Kayak Bill drew once or twice on his pipe with apparently unsatisfactory results, for he slowly removed his sombrero, drew a broom-straw from inside the band, extracted the stem of the corn-cob and ran the straw through it. The immediate vicinity became impregnated with a violent odor of nicotine. The White Chief, however, musing close by on the steps, seemed not to notice it. His eyes were fixed on three Indian canoes being paddled in from the lagoon across the bay which was now taking on the opalescent tints of the late Alaska sunset.
"What I been a-sayin' goes for the white women, Chief. As for them Chocolate Drops—wall, I ain't made up my mind exactly. 'Pears to me if I ever went a-courtin' though, it would be just like goin' a-huntin': no fun in it if the end was certain and easy-like. Barrin' the case of Silvertip and Senott, his squaw, it's like this: you say 'Come,' and they come. You say 'Go,' and they go. Now, a white woman ain't that way. By the roarin' Jasus, you never can tell which way she's goin' to jump!" Kayak Bill held the stem of his pipe up to the light and squinted through it, fitted it again into the bowl and gave an experimental draw. "But everybody to his own cemetery, says I."
"Bill, you old reprobate, you have an uncanny way of picking the weak spots in everything. There's some truth in that last. . . . Gad, I'd like to get into a game of love with a woman of my own blood up here in the wilderness! . . . There's never been a white woman in Katleean. It would be great sport to see one up against it here, eh, Kayak?" The White Chief turned, smiling, and the light in his pale, narrow eyes matched the wolfish gleam of his sharp teeth.
The face of the old hootch-maker was hidden in a smoke cloud, but his voice drawled on as calmly as ever: "Wall, from what I hearn tell when I'm over at the Chilcat Cannery, Chief, you may get a chance to see a white woman at Katleean purty soon.
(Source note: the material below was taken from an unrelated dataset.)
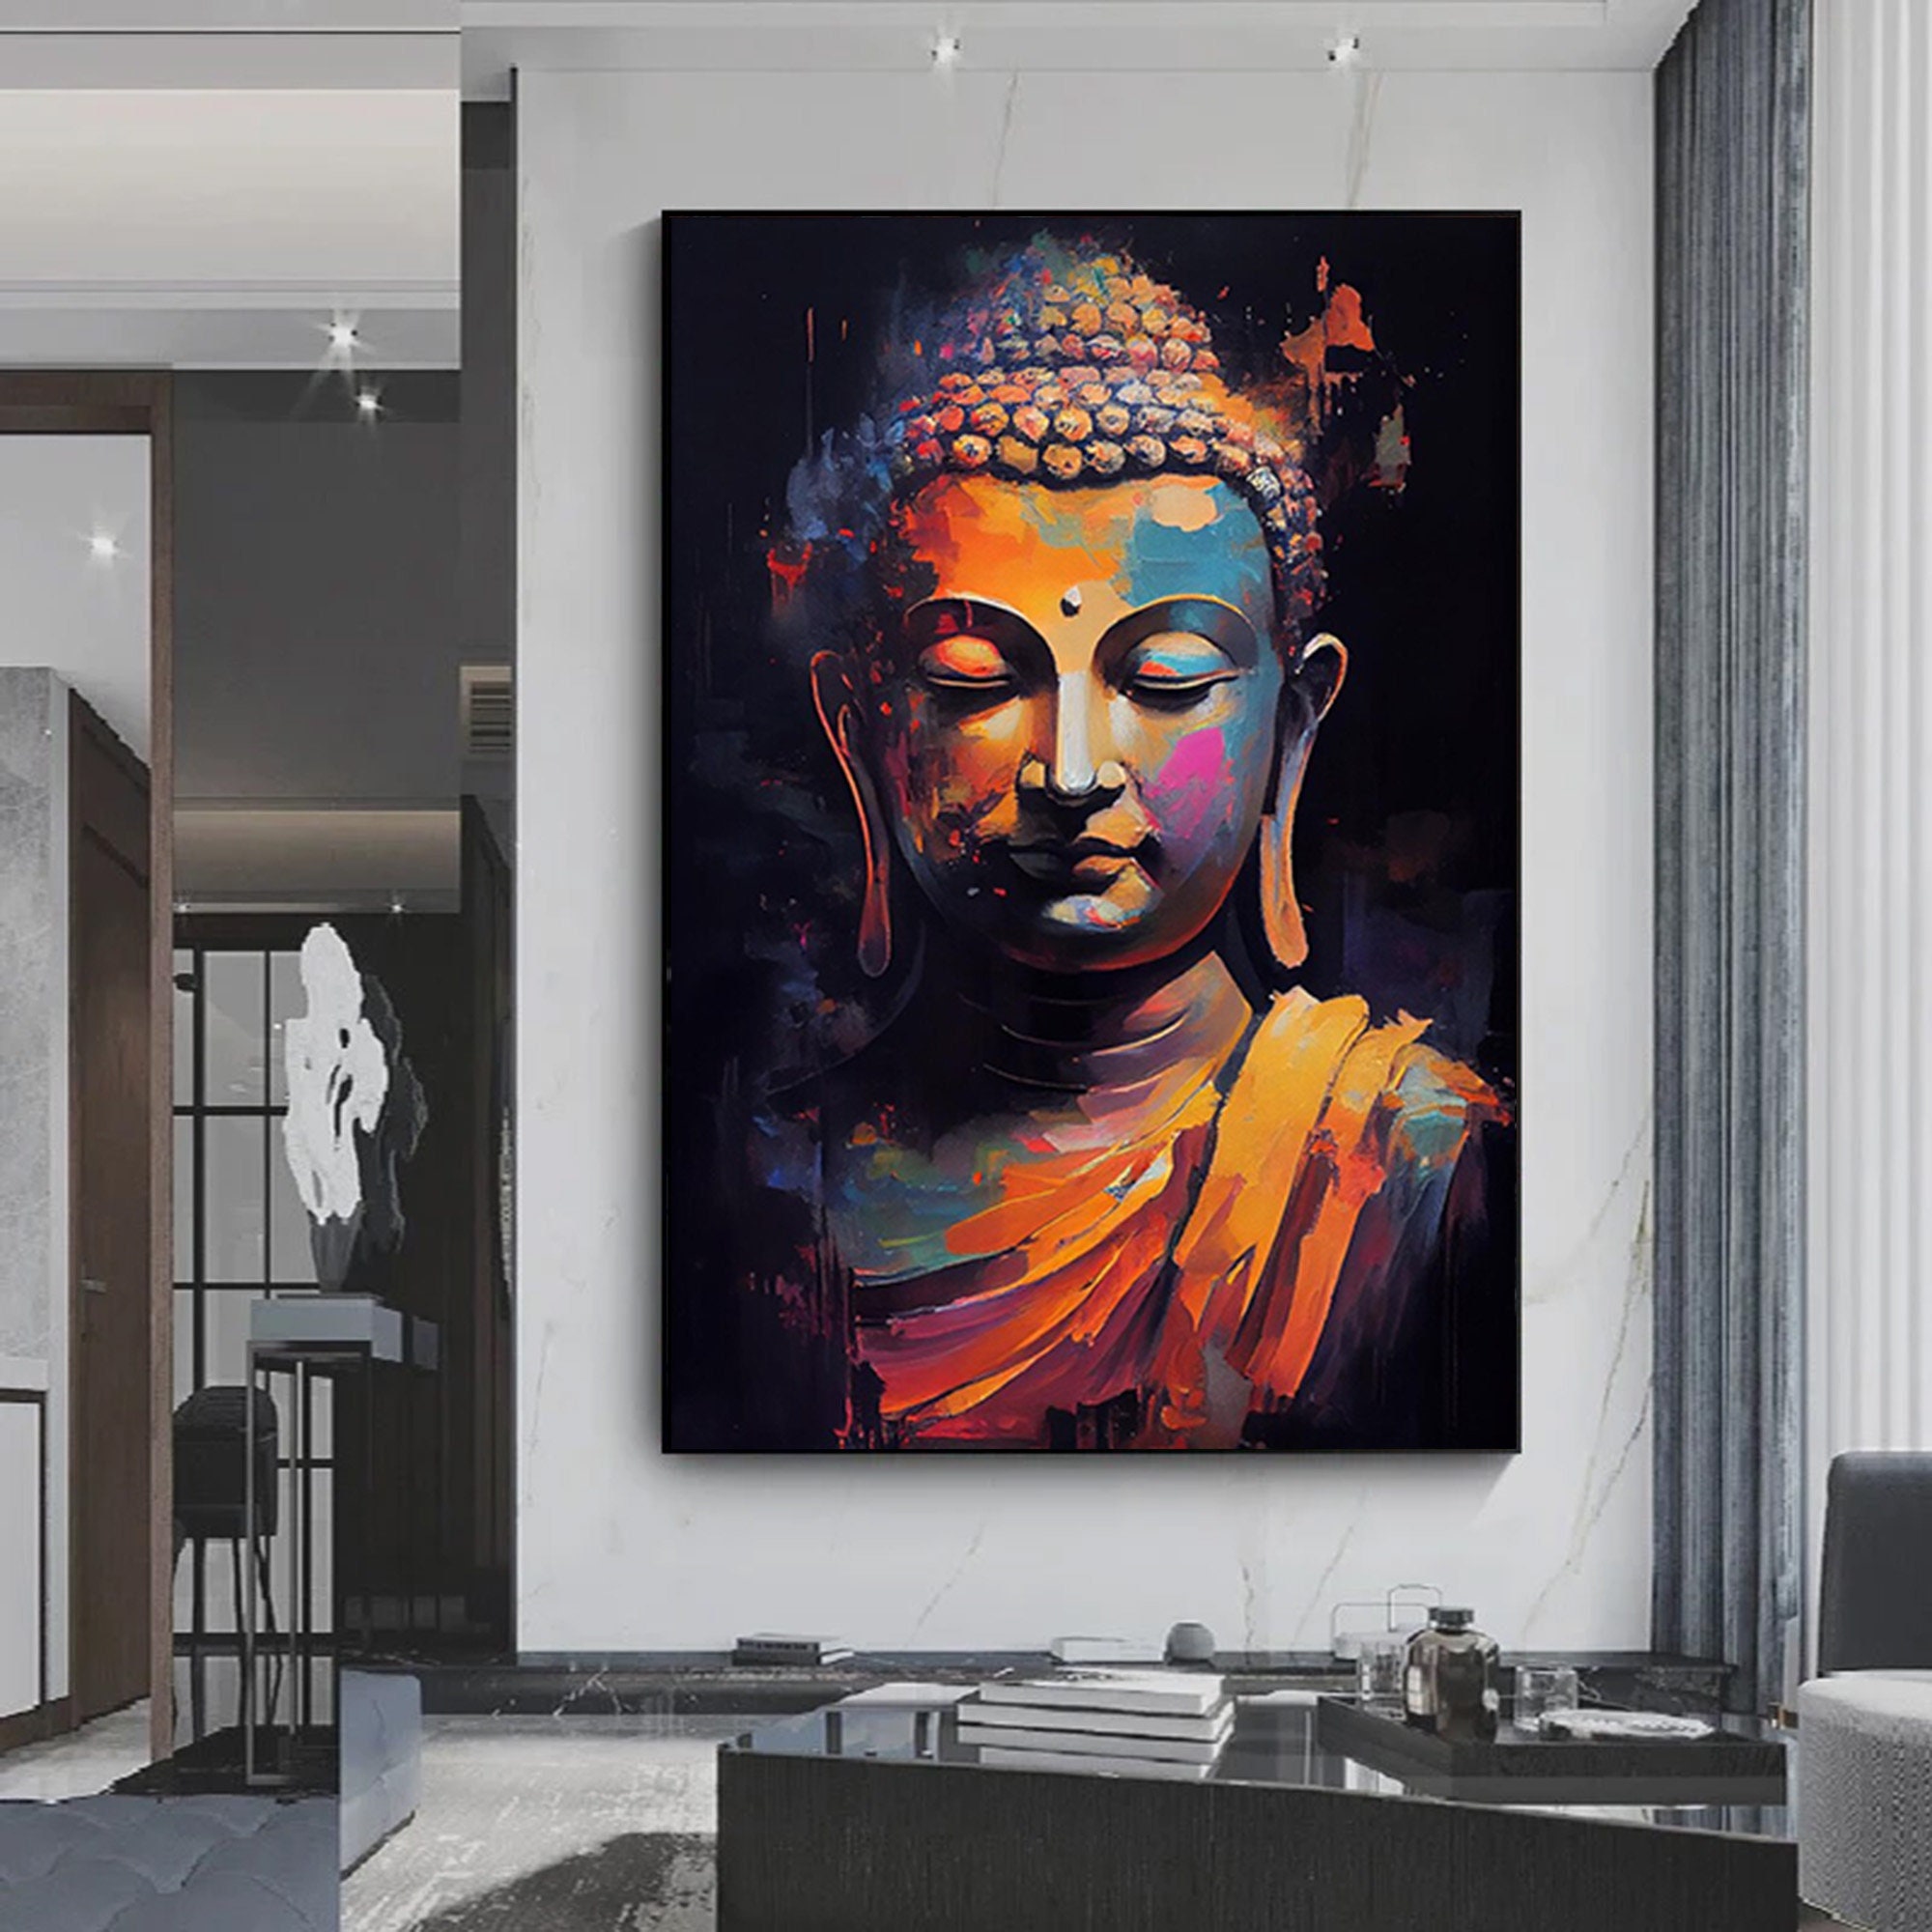  HOLEILUCK Decor Wall Art for Living Room Large Size Decoracion  Salon Casa Canvas Painting Buddha Modern Aesthetic Room Decor  70x180cm/28x71in Unframed Wall Canvas Art: Posters & Prints

There's a prospector named Boreland a-cruisin' up the coast in his own schooner, the Hoonah, and from what I can make out he's got his wife and little boy with him."
The trader turned sharply. Like a hungry wolf scenting quarry he raised his head. There was a keener look in his eye. His thin nostrils twitched.
"A white woman, Kayak? Are you sure?"
Before Kayak Bill could answer there came an extra loud burst of song from the cabin across the courtyard. The door had been flung wide and in the opening swayed the arresting figure of the leader of the wild chorus.
[1] Name by which the States is designated in the North.
[2] Newcomer.
CHAPTER II
THE CHEECHAKO
He was young and tall and slight, with a touch of recklessness in his bearing that was somehow at variance with the clean-cut lines of his face. He stood unsteadily on the threshold, hands thrust deep in the pockets of his grey tweed trousers, chin up-tilted from a strong, bare throat that rose out of his open shirt. As the singing inside the cabin ceased, he shook back the tumbled mass of his brown hair and alone his mellow baritone continued the whaler's song:
"Up into the Polar Seas,
Where the greasy whalers be,
There's a strip of open water
Reaching north to eighty-three——"
The White Chief, with his eyes on the singer, spoke to Kayak Bill.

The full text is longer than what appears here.